** DATA SEGMENT **
^^^^^^^^^^^^^^^^

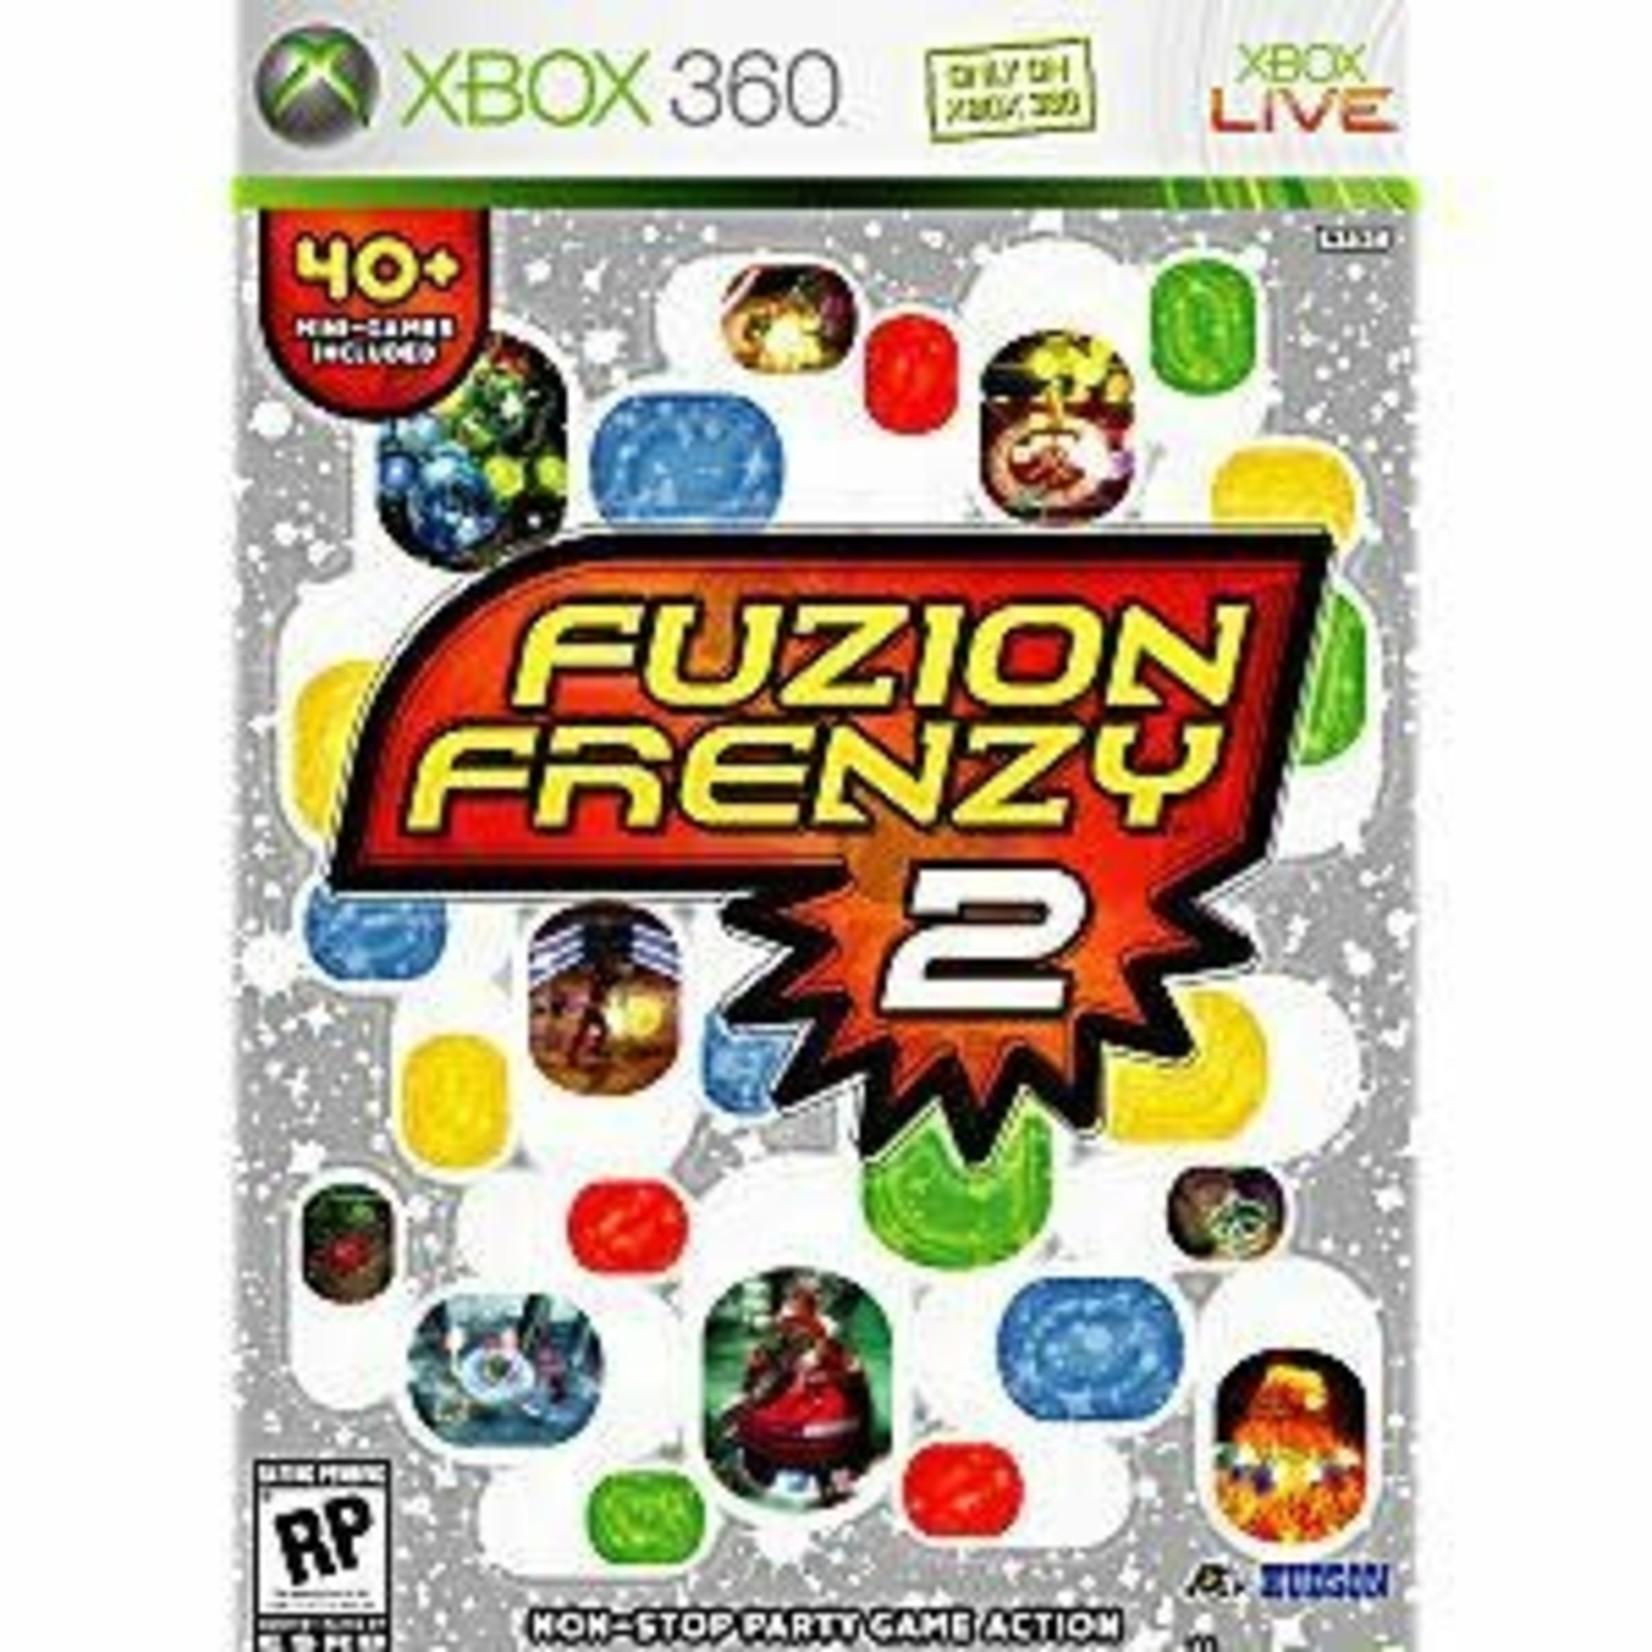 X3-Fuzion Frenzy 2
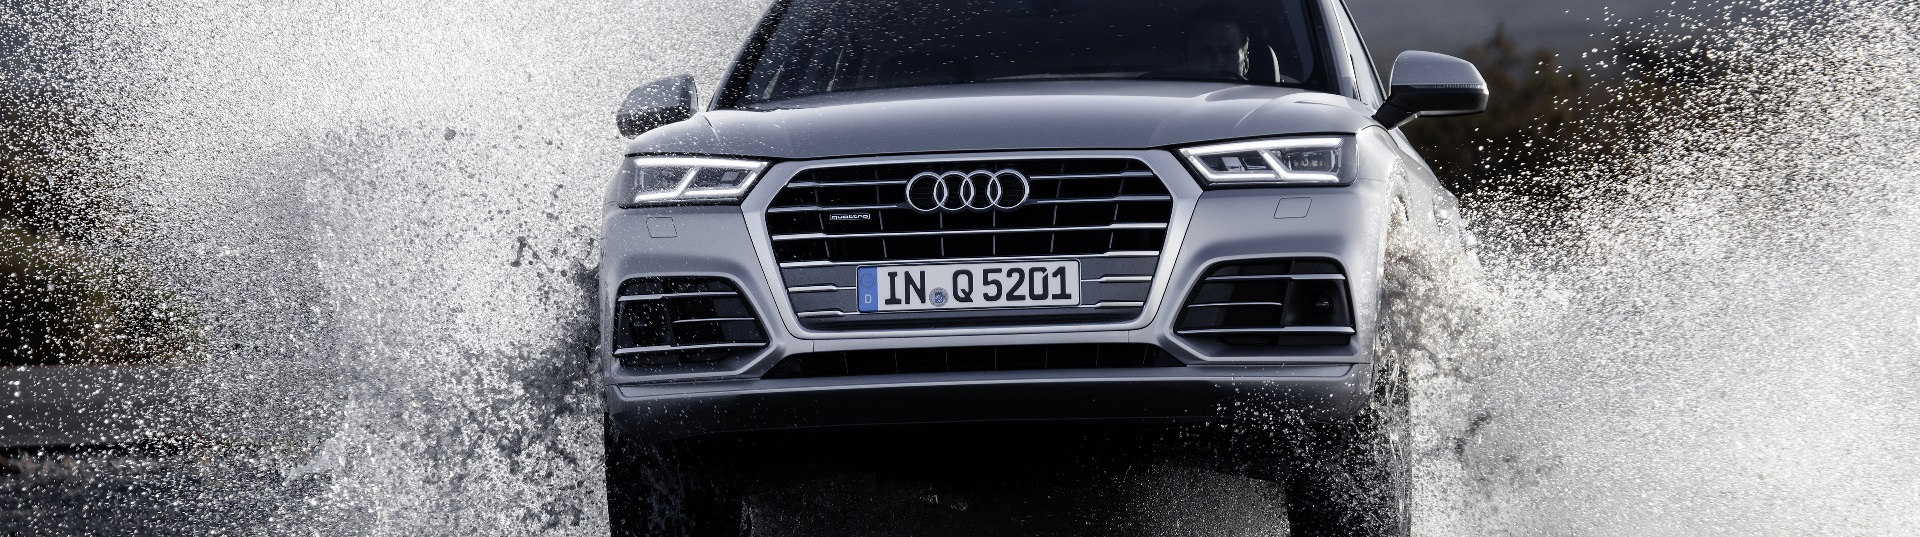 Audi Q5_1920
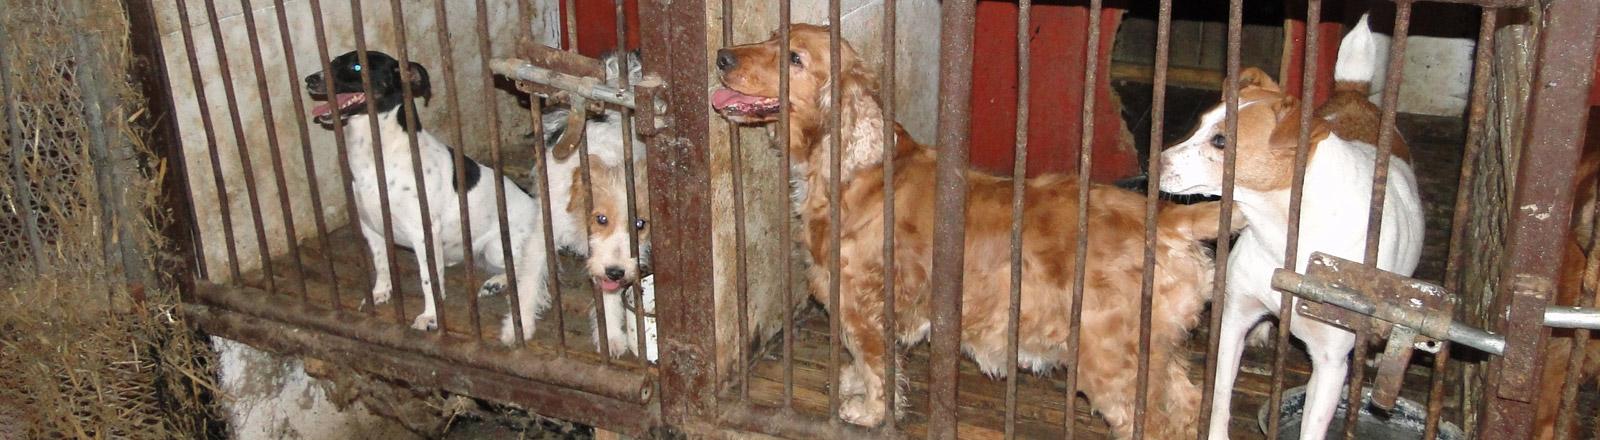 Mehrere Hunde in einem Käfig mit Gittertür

^^^^^^^^^^^^^^^^

** EXERCISE DIRECTIONS **
Would you copy the lines from the one holding "Audi Q5_1920" down to the last line of the material, both included, exactly and with nothing added, skipping the pictures?

** SOLVED PROBLEM **
 Audi Q5_1920
 Mehrere Hunde in einem Käfig mit Gittertür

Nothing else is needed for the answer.